Governor of Panjshir
- In office 6 June 2015 – 2017
- Preceded by: Abdul Rahman Kabiri

Personal details
- Born: 1961 (age 63–64) Deh Mazang, Kabul Province, Afghanistan
- Occupation: legislator
- Nickname: Muhammad Harif Sarwari

= Muhammad Arif Sarwari =

Afghan politician

Engineer Muhammad Arif Sarwari, also known simply as Engineer Arif, is a former Afghan intelligence official and politician.

==Pre-Taliban==
Sarwari studied electronics at a technical college, later transferring to Kabul Polytechnic. He did not complete his studies, instead joining the anti-Soviet resistance in 1982 during the Soviet–Afghan War. In 1992, after the ouster of the communists, he was appointed the chief of security of Kabul. He later served as the first deputy of National Directorate of Security. When the Taliban seized Kabul he joined the forces of Ahmad Shah Masoud, who was later to lead the Afghan Northern Alliance.

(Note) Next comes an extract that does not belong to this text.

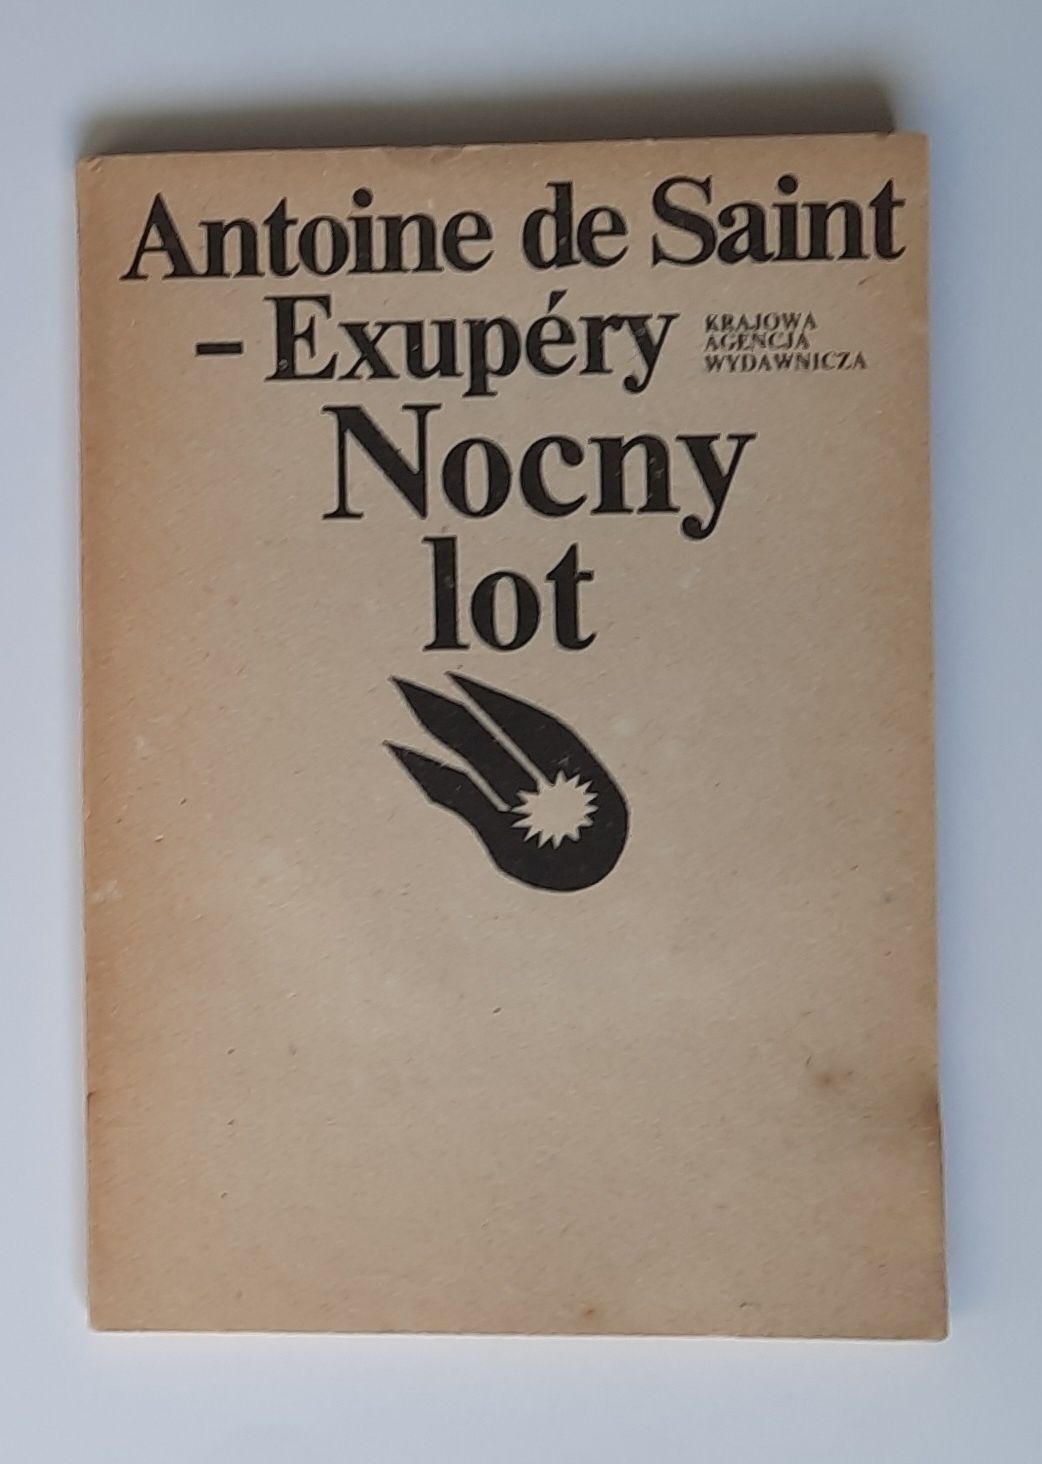 Nocny lot Antoine de Saint-Exupery

==Northern Alliance and post-war==
During the first Taliban rule, Sarwari was the chief intelligence official of the Northern Alliance under Ahmad Shah Massoud.
Massoud's September 9, 2001 assassination took place in Aref's office.

After the September 11 attacks, he was a major figure in coordinating with the CIA's Jawbreaker team, which worked with the Northern Alliance and prepared the way for further military operations. After the fall of Kabul, Sarwari and his organization took over the existing Afghan National Directorate of Security, but he was removed by Afghan President Hamid Karzai in early 2004 and replaced by Amrullah Saleh.

===Governor of Panjshir===
Sarwari was Governor of Panjshir Province as of March 2017.

===Evacuation===
After the Taliban captured Kabul in 2022, he was evacuated out of Afghanistan and into Kosovo.

==Personal life==
Sarwari is married and has two sons and three daughters. He speaks Dari, Pashto, Russian and English.